Write a function [x, y, A11, A12, A21, A22] = affinehessian (img, Threshold), which extends the detector of Hessian maxima from the previous step, and for each maximum in the scale space it calculates one step of the Baumberg iteration. The function returns the position of a point and the 2×2 submatrix of matrix A: $$A=\sigma_i \, inv\left(C^{-1/2}/\sqrt{det(C^{-1/2})})\right)$$

Maximal Stable Extremal Region (MSER)

The detector of Maximal Stable Extremal Regions is based a different idea.
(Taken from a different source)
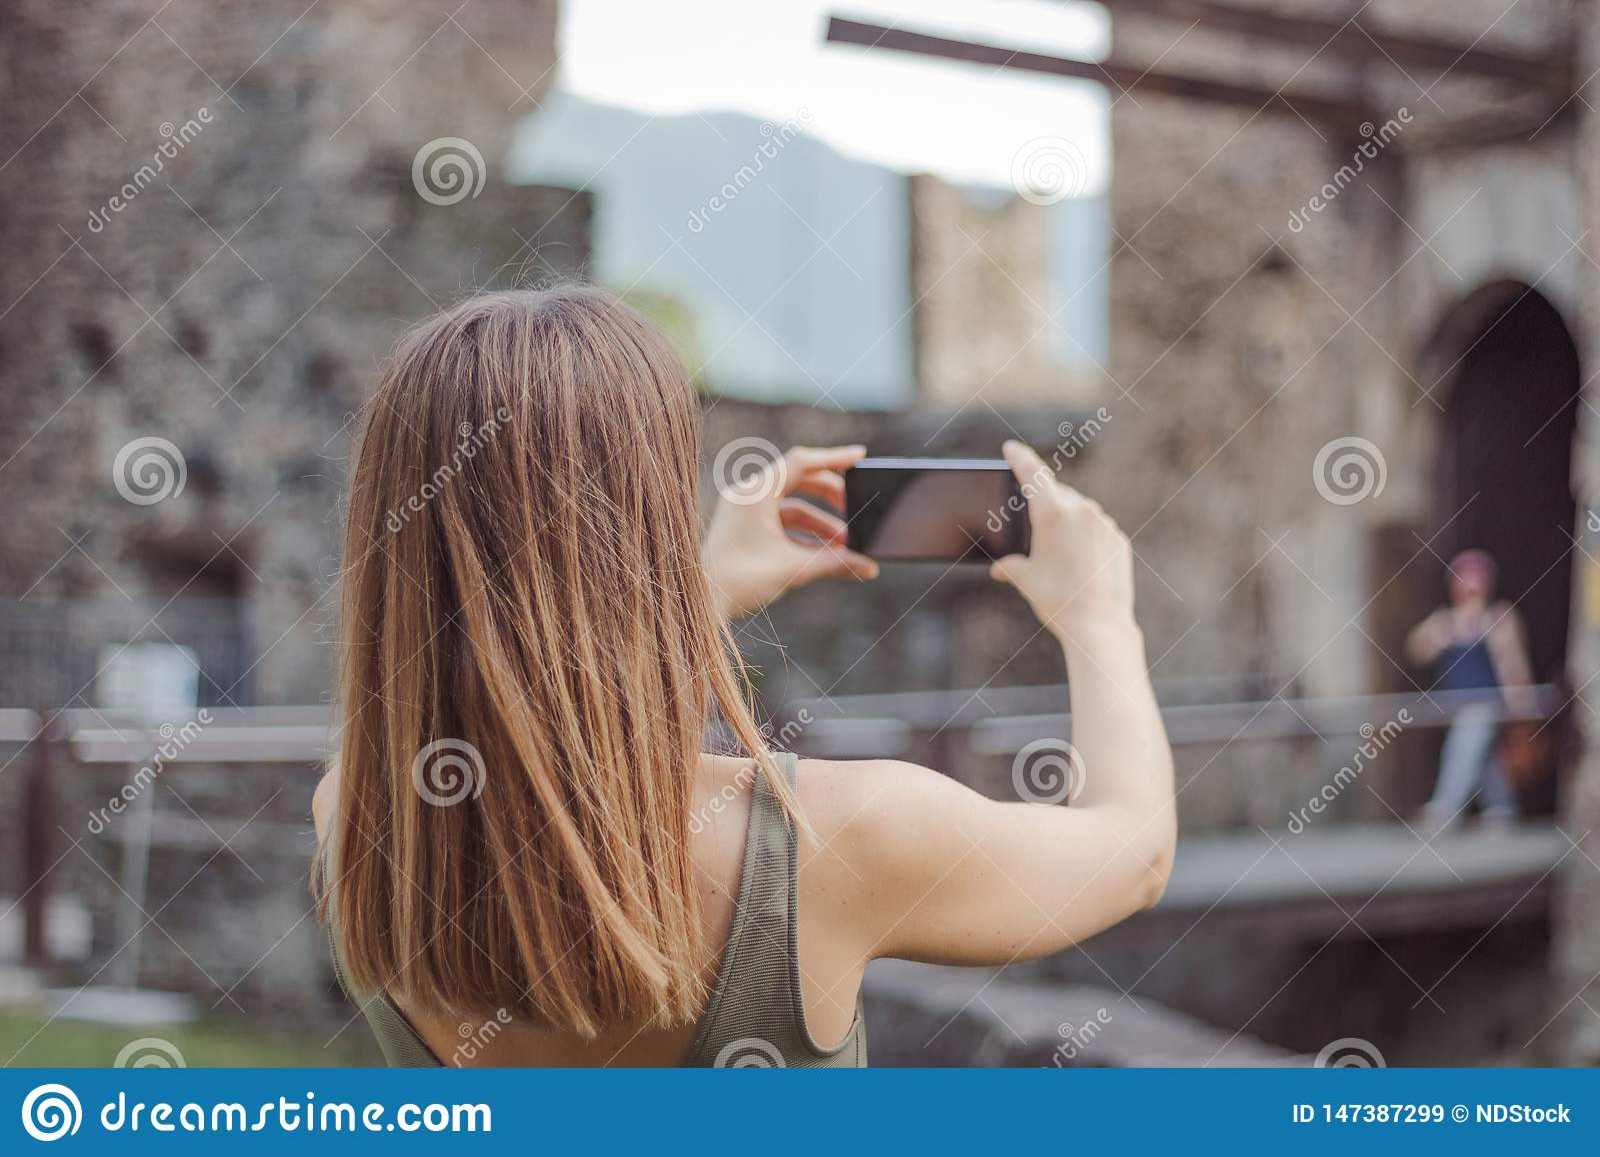 La mujer joven está tomando una imagen de un castillo

Detection is based on growing regions in a binary thresholded image while increasing the threshold for image intensity. While increasing intensity, new regions appear in the image, they are merging together and at the end there is one region with area of the whole image. During the region growing, the region statistics (area and the border length) are monitored. The detector finds such intensity ranges where the ratio of the area and border length changes the least. The MSER detector is implemented as a MEX module. It is used as follows:

  p.min_margin = 10;
  p.min_size   = 30;
  mser = extrema(img, p, [1 2]);

MSERs are affine co-variant regions. It is possible to visualize their covariance matrix as an ellipse with the longer axis corresponding to the maximal variance of elements. We can use following code for conversion into elliptical regions:

  regs=[mser{1}{2,:} mser{2}{2,:}];
  x=[regs.cx]; y=[regs.cy];
  a11=sqrt([regs.sxx]); a12=zeros(size(a11));
  a21=[regs.sxy]./a11;  a22=sqrt([regs.syy] - a21.*a21);
  imshow(img); showpts([x;y;a11;a12;a21;a22]);

For visualisation download showpts.m.

The Dataset

To try your new detectors, take pictures of three objects from five different viewpoints with increasing complexity. Two pictures should contain a simple rotation, with and without scale change. The other pictures should be taken from different viewpoints. Name the images with 1024px on the longer side as obj(0-2)_view(0-4). Pack them to a .zip archive and upload them to upload system (task 02_data). If necessary (due to long runtime of your code) you can shrink the images to half.

What should you upload?

You are supposed to upload functions hessian_response.m, hessian.m, harris_response.m, harris.m, nonmaxsup2d.m, scalespace.m, nonmaxsup3d.m, sshessian_response.m a sshessian.m together with all used non-standard functions you have created. Do not forget the dataset.

Testing

We use a script and the MATLAB function 'publish' to test your code. Download detect_test.zip and unpack it to a direcotry which is in MATLAB paths (or put it into the directory with your code) and execute. Compare your results with ours.

References

2. Computing local invariant description

The task of a detector is to reliably find feature points and their neighborhoods such that the detected points are covariant with a desired class of transformations (geometric or photometric). For instance, the basic version of Harris or Hessian detector detects points which are covariant with translation (if you shift the image, detected points shift the same amount). Hessian in the scale-space or DoG detector adds information about the scale of the region and therefore points are co-variant with similarity transformation up to an unknown rotation (detected points have no orientation assigned). Affine covariant detectors like MSER, Hessian-Affine or Harris-Affine are co-variant with affine transformations. The following text describes how to handle geometric information from the point neighbourhood and how to use it for normalization. Depending on the amount of information that a detector gives about a features, the descriptions can be invariant to translation, similarity, affine or perspective transformation.

Geometric normalization

Geometric normalization is a process of geometric transformation of feature neighborhood into a canonical coordinate system. Information about geometric transformation will be stored in the form of “frame” – a projection of the canonical coordinate system into the neighborhood of a feature point (or region) in the image. The frame will be represented by a 3×3 matrix A, the same as in the first lab. The transformation matrix A is used to obtain a “patch” – a small feature neighborhood in the canonical coordinate system. All other measurements on this square patch of original image are now invariant to desired geometric transformation.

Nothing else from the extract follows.